→ Your assignment
When you transcribe the data below, reproduce every line exactly and leave each picture out.

→ Stored data
-.-.-
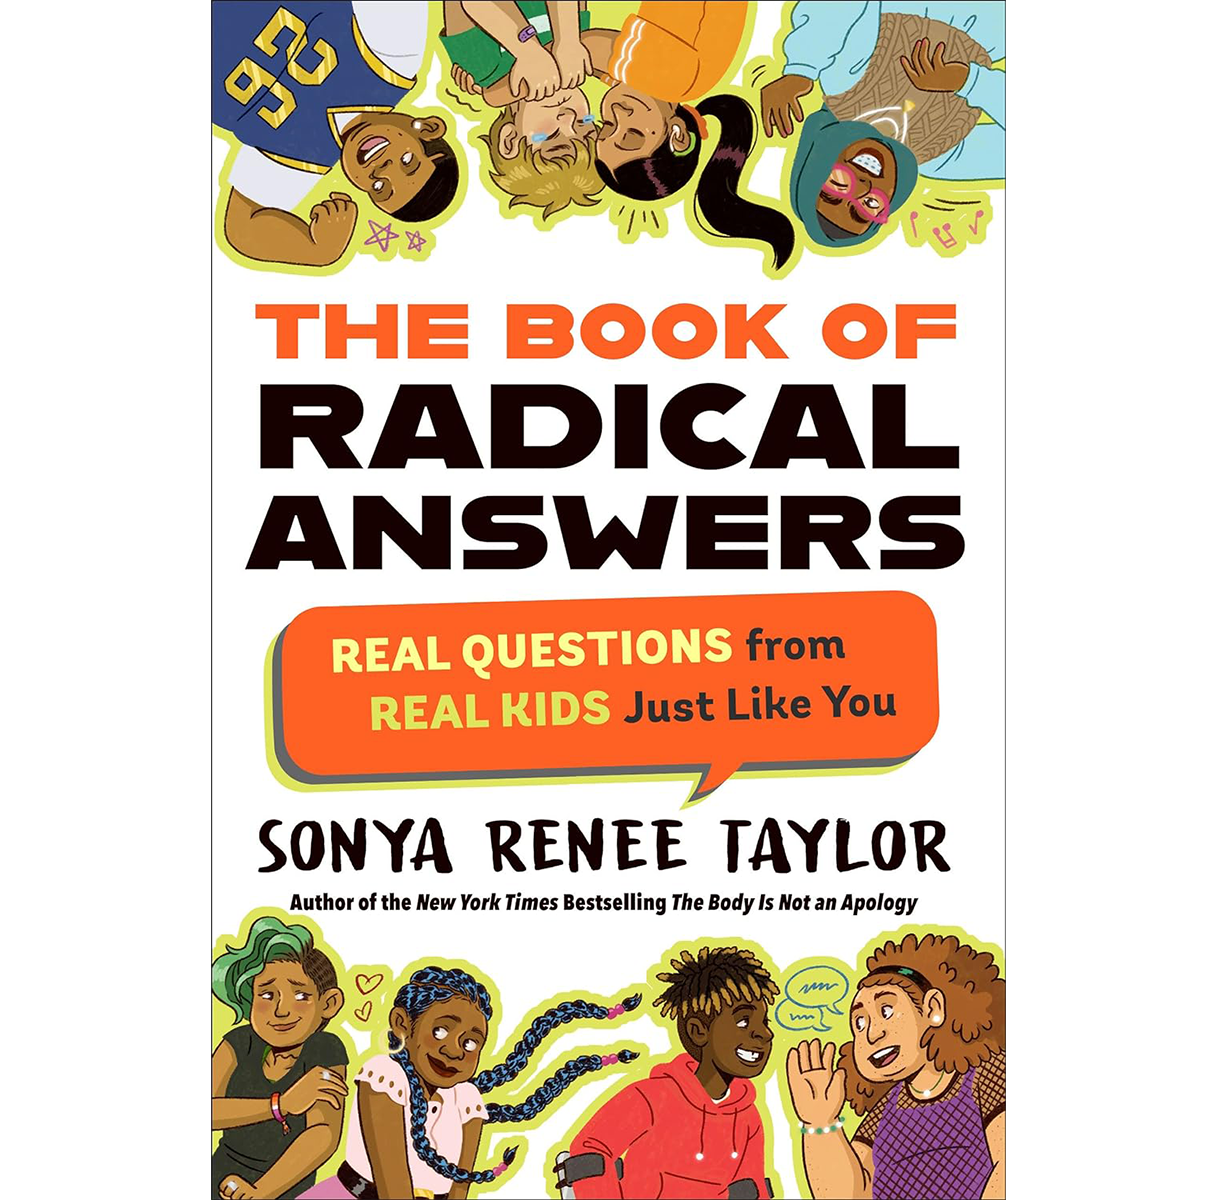 The Book of Radical Answers
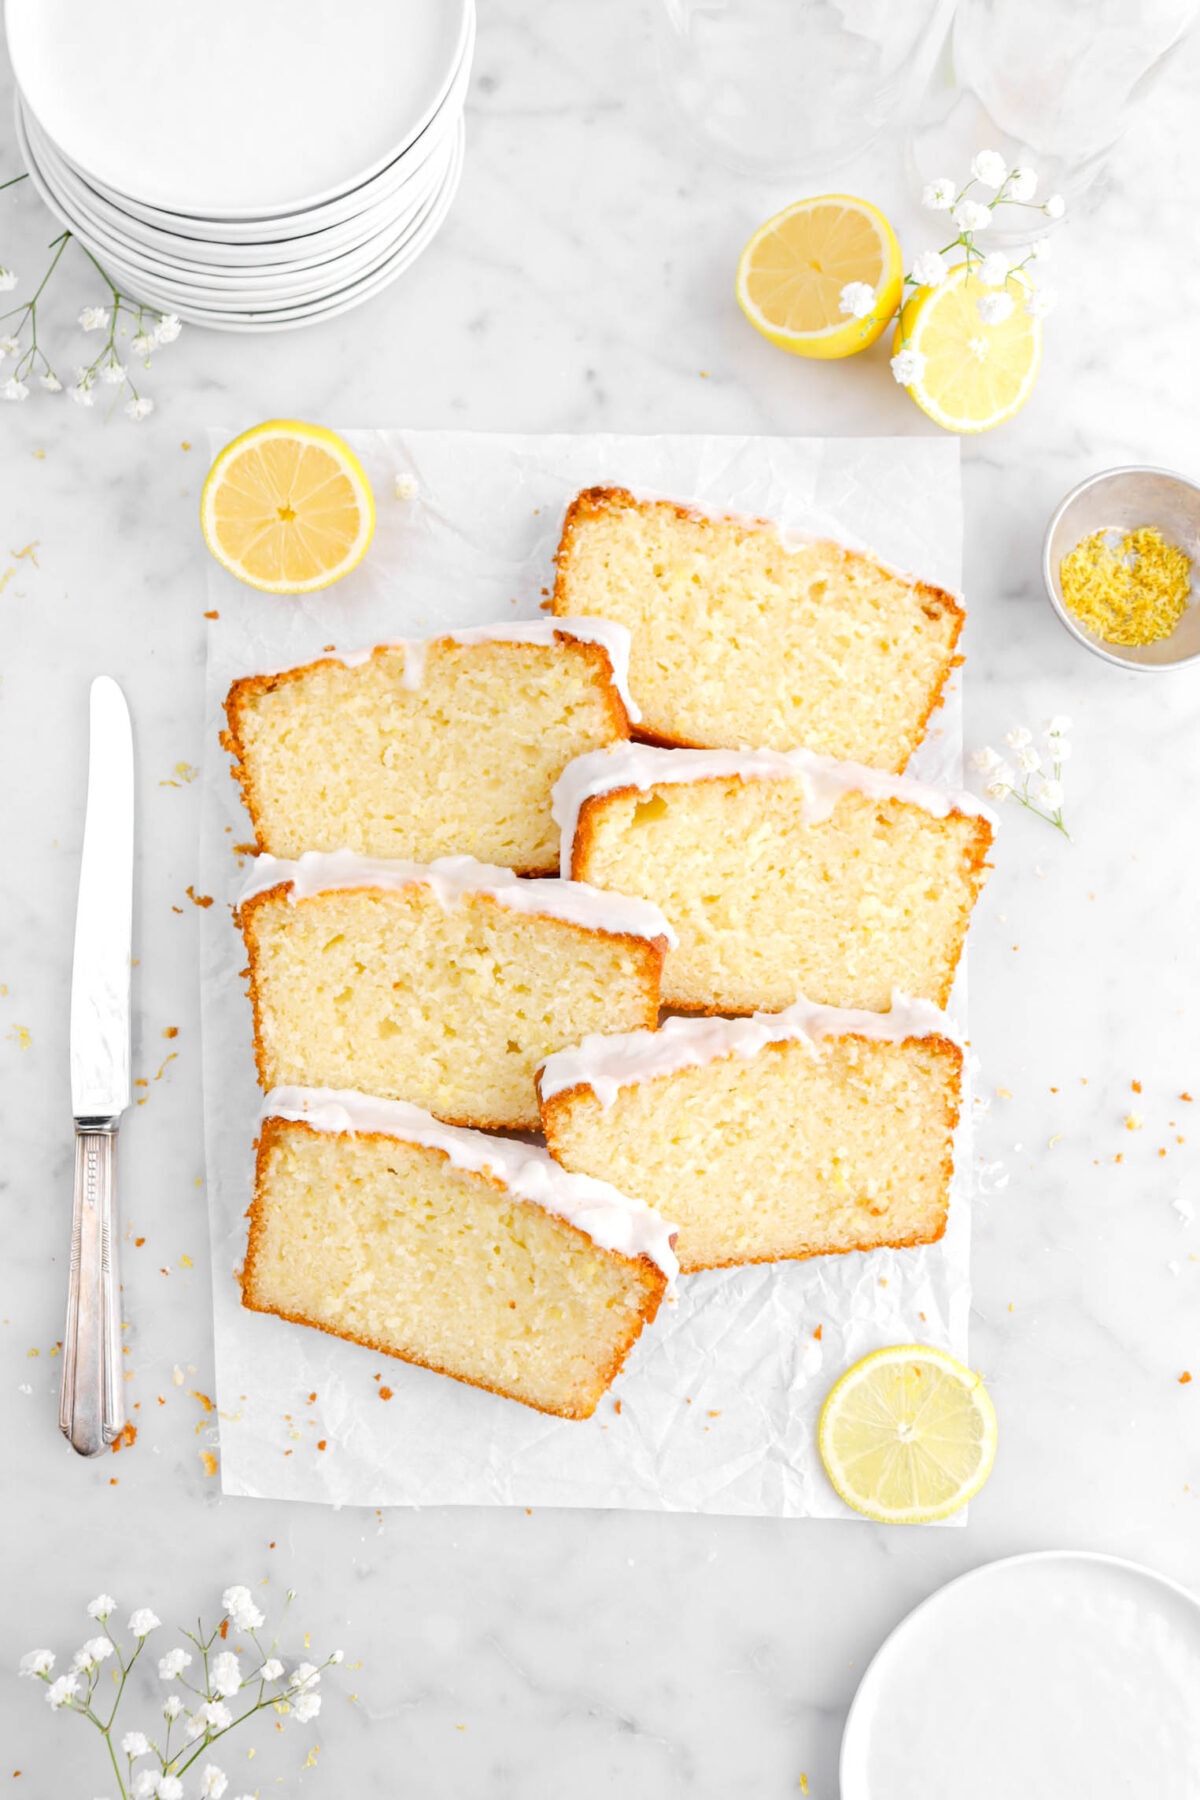 six slices of lemon loaf cake on parchment paper with flowers and lemons around.
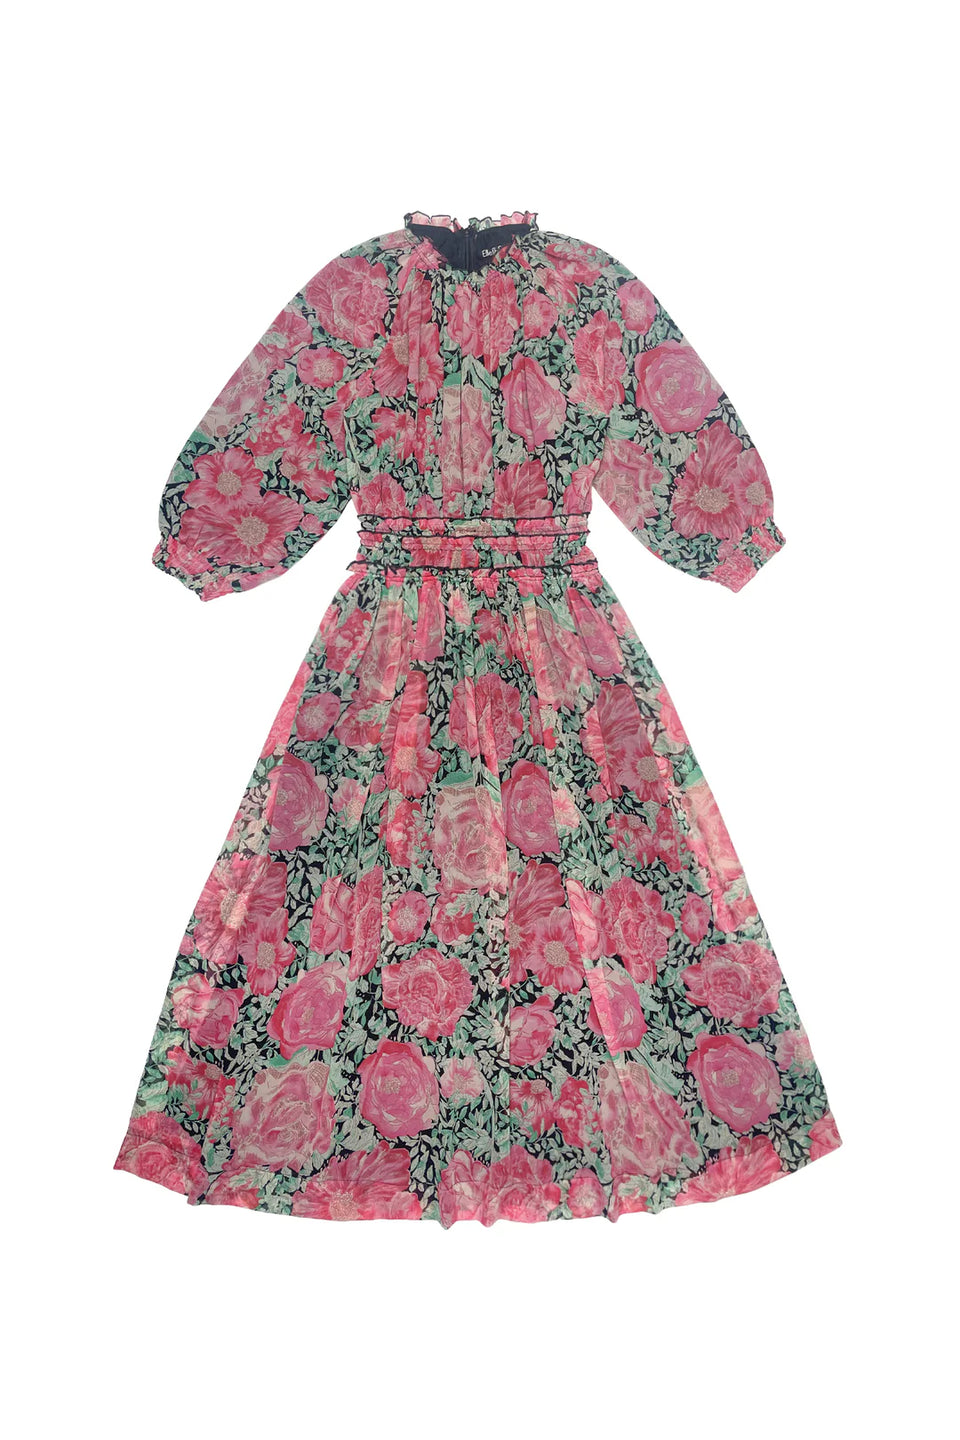 Elle Oh Elle Pink & Green Floral Dress with Cinched Waist
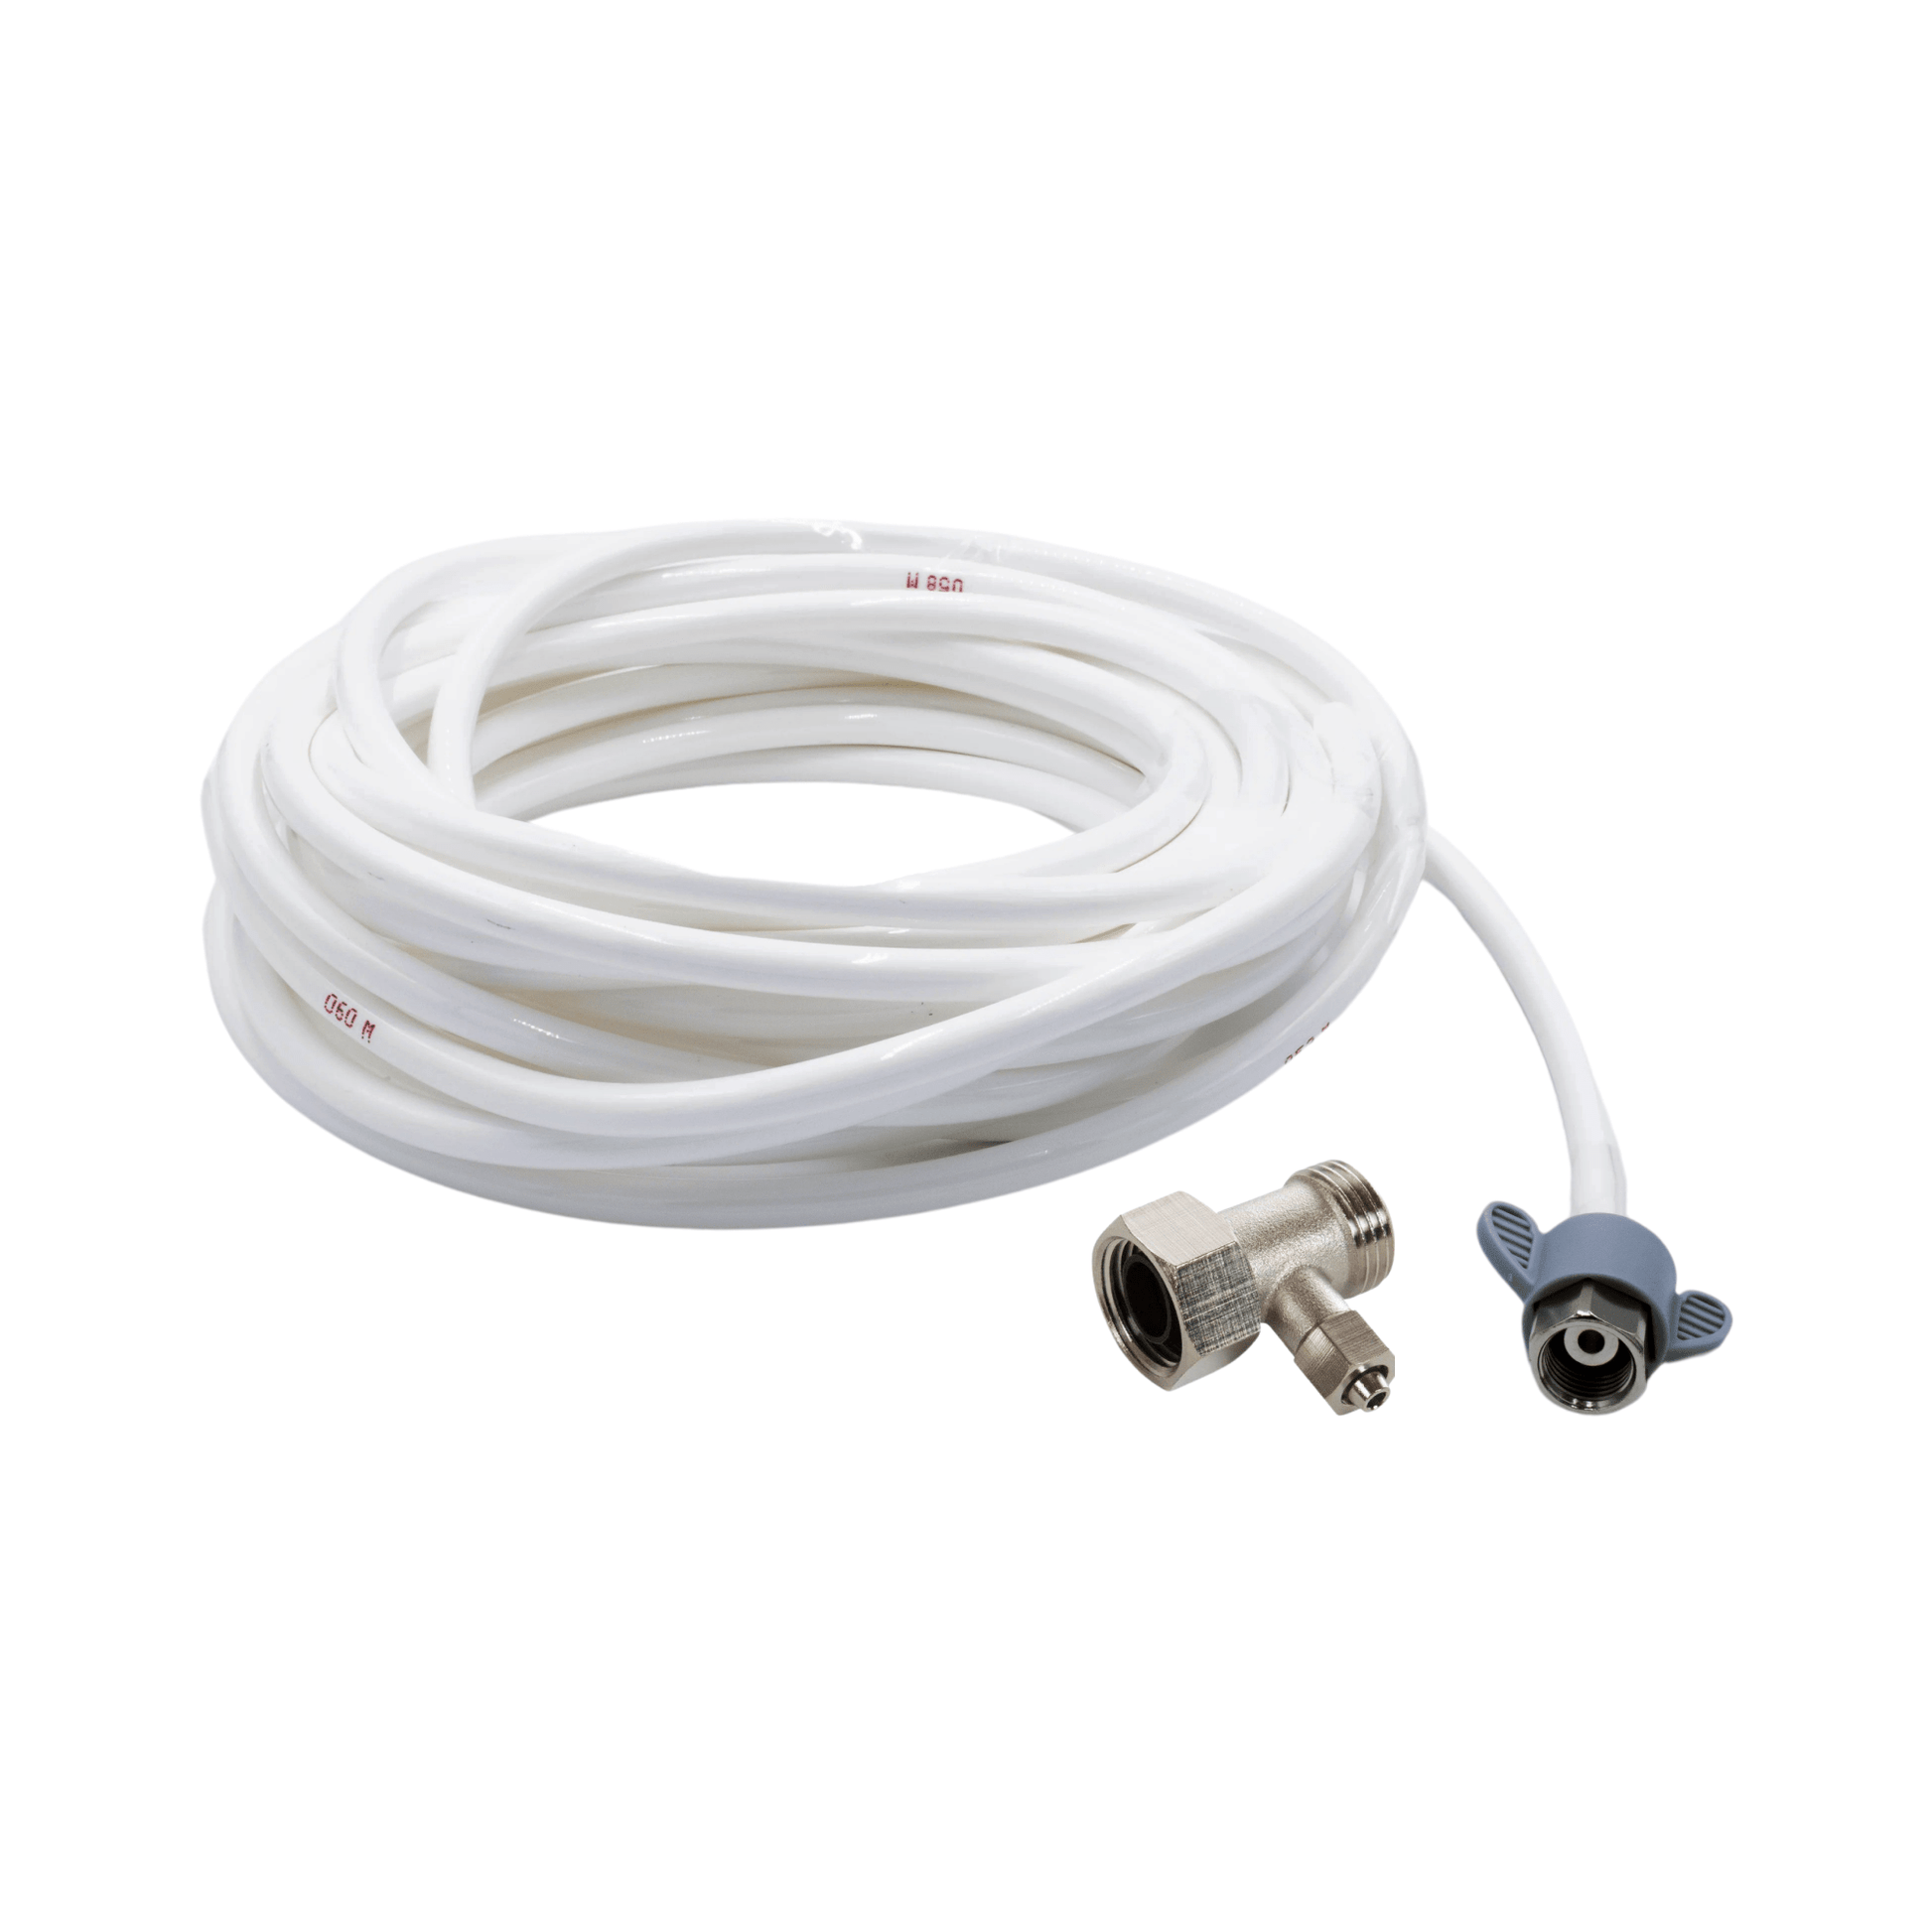 NEO Plus Accessory Kit: Alternative Installation for 1/2" Supply Valves - 32ft Plastic Bidet Hose with 1/2" Metal T-Adapter
-.-.-
→ Finished task
 The Book of Radical Answers
 six slices of lemon loaf cake on parchment paper with flowers and lemons around.
 Elle Oh Elle Pink & Green Floral Dress with Cinched Waist
 NEO Plus Accessory Kit: Alternative Installation for 1/2" Supply Valves - 32ft Plastic Bidet Hose with 1/2" Metal T-Adapter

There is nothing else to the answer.